→ **Exercise**:
For this exercise, repeat the whole listing below exactly. Leave the pictures out.

→ **Supplied data**:
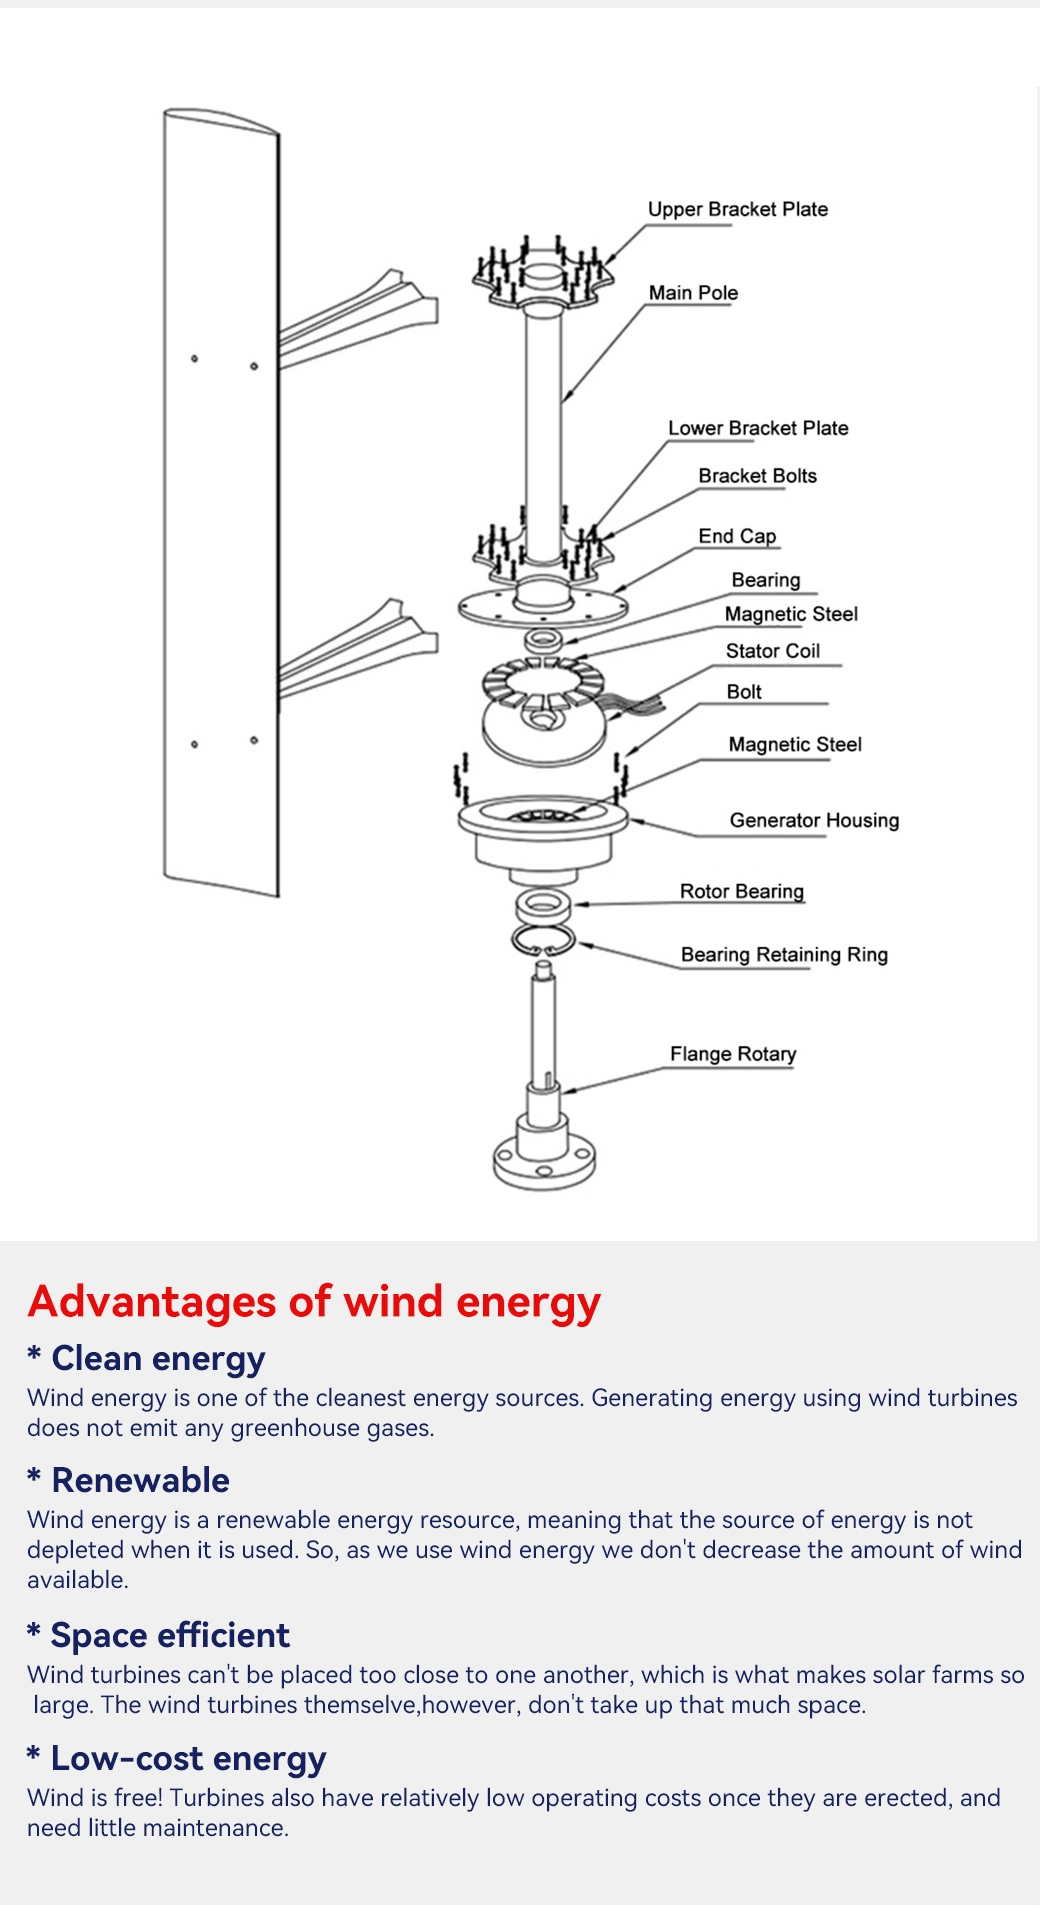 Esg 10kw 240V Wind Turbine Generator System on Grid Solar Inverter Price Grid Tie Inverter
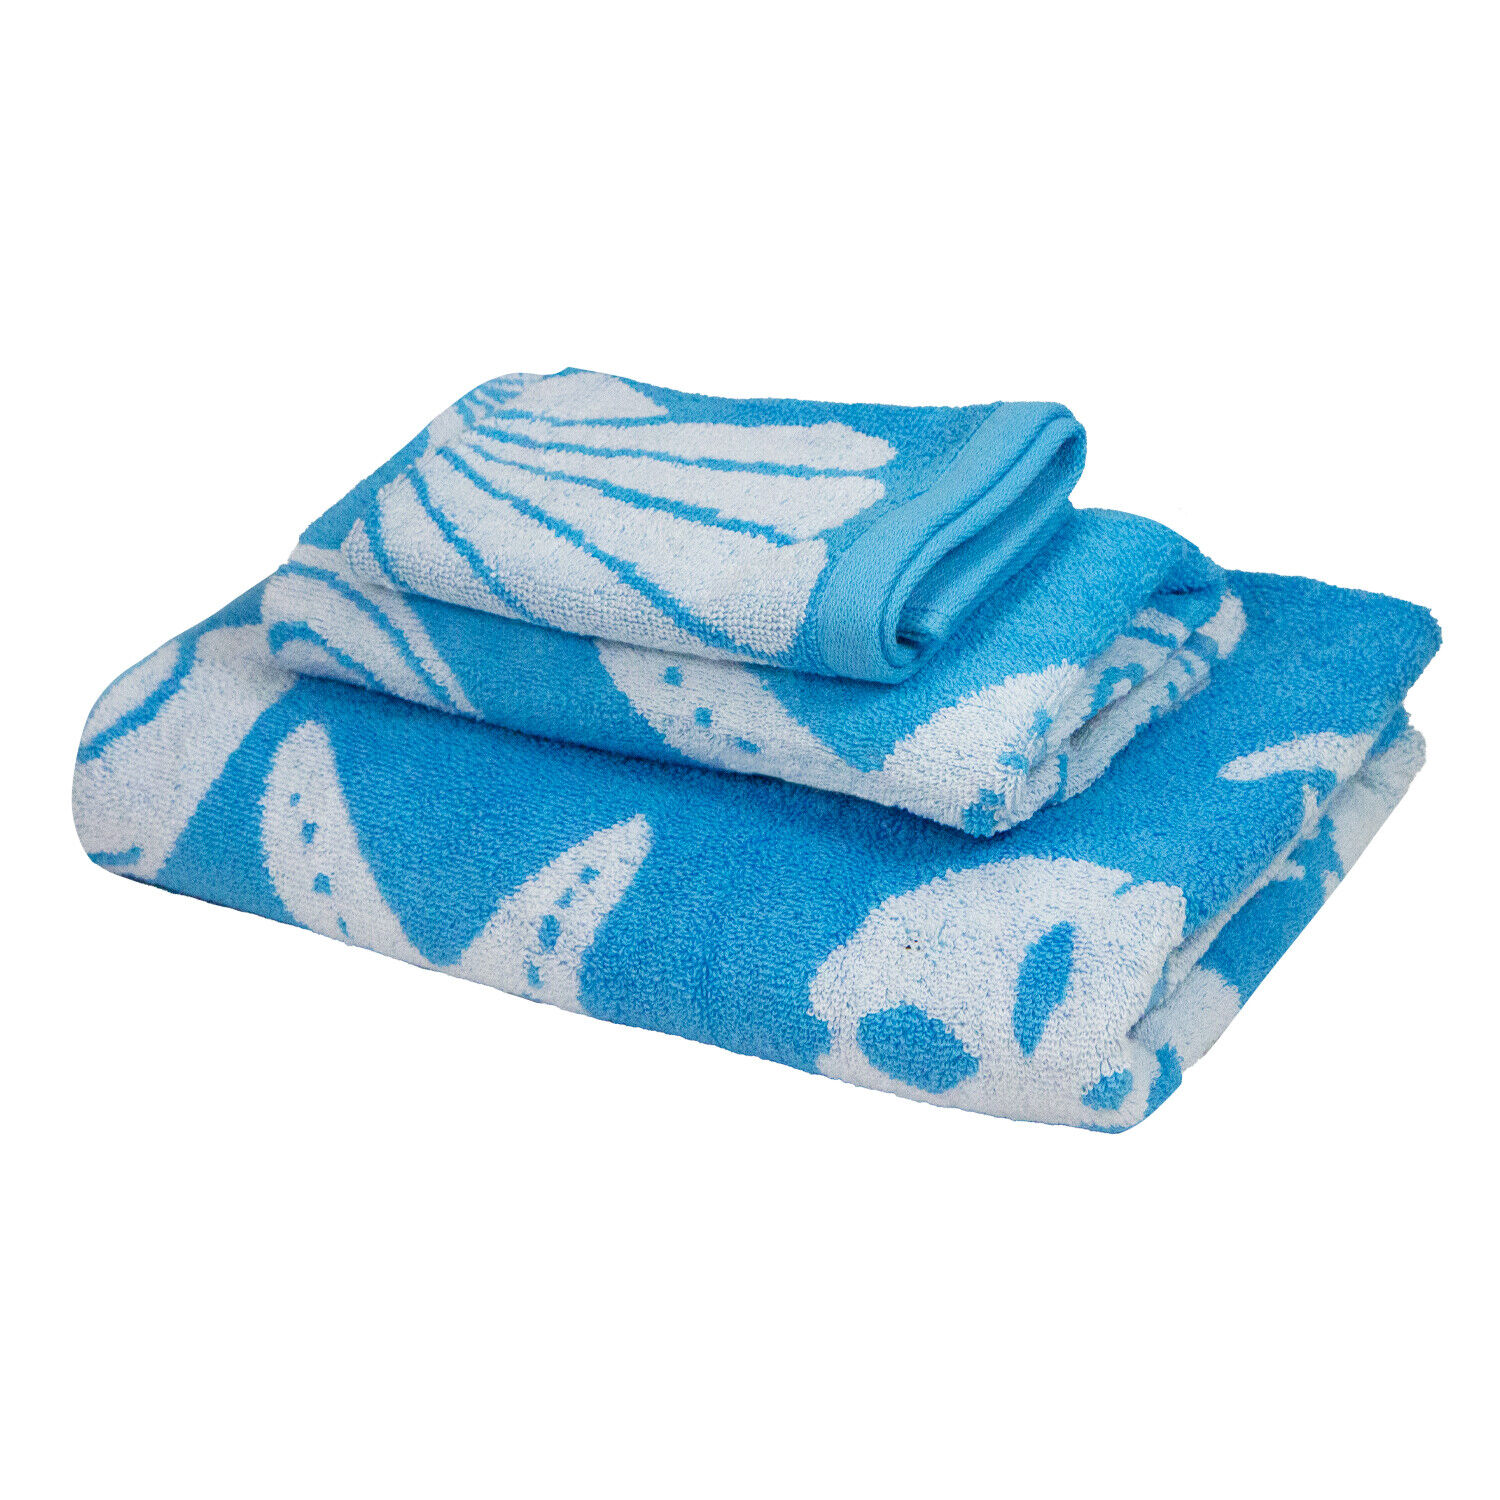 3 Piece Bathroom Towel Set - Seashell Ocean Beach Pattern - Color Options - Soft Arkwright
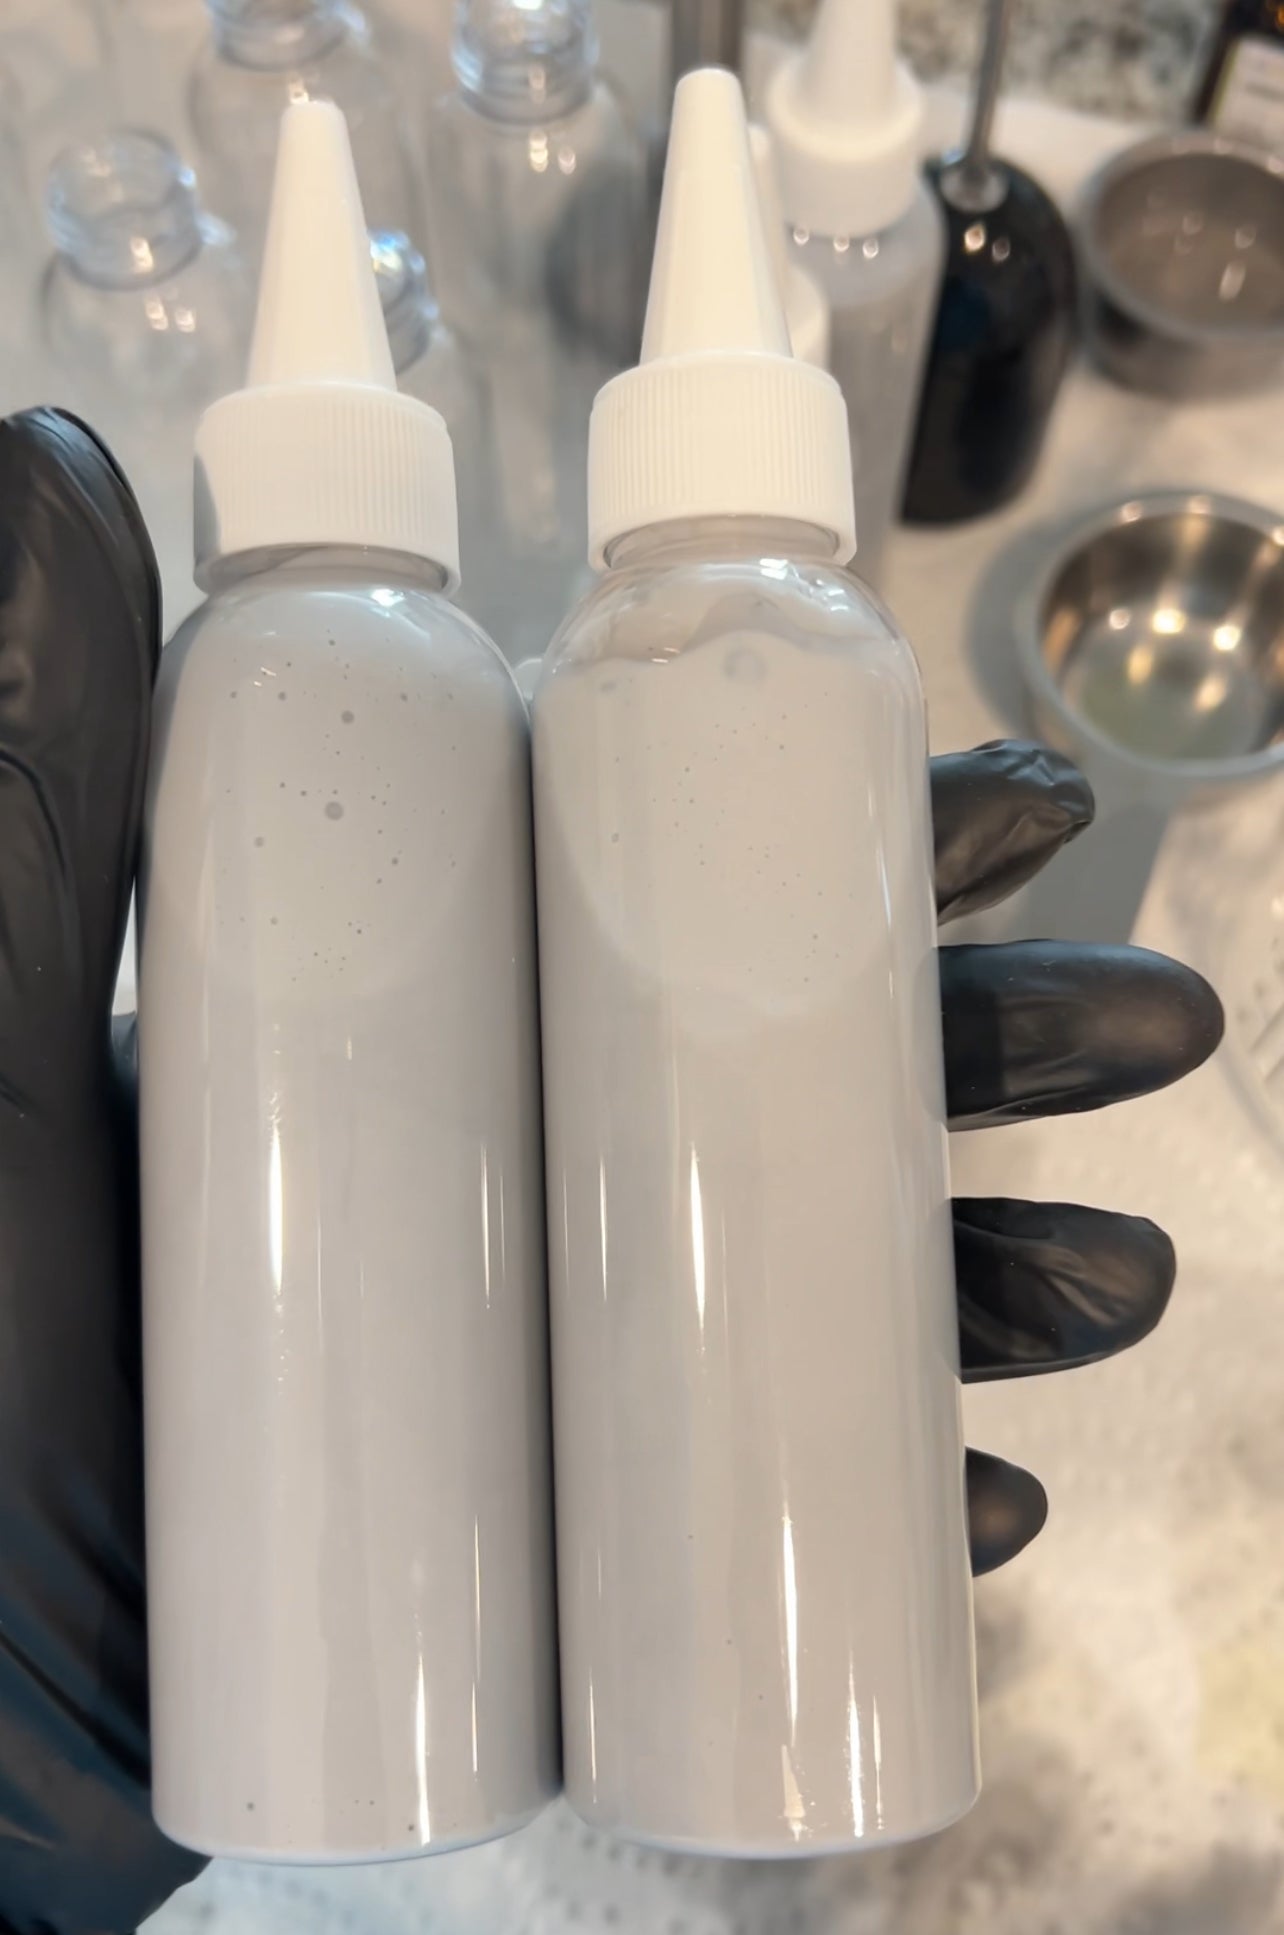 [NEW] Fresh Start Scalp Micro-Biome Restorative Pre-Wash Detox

→ **Your response**:
 Esg 10kw 240V Wind Turbine Generator System on Grid Solar Inverter Price Grid Tie Inverter
 3 Piece Bathroom Towel Set - Seashell Ocean Beach Pattern - Color Options - Soft Arkwright
 [NEW] Fresh Start Scalp Micro-Biome Restorative Pre-Wash Detox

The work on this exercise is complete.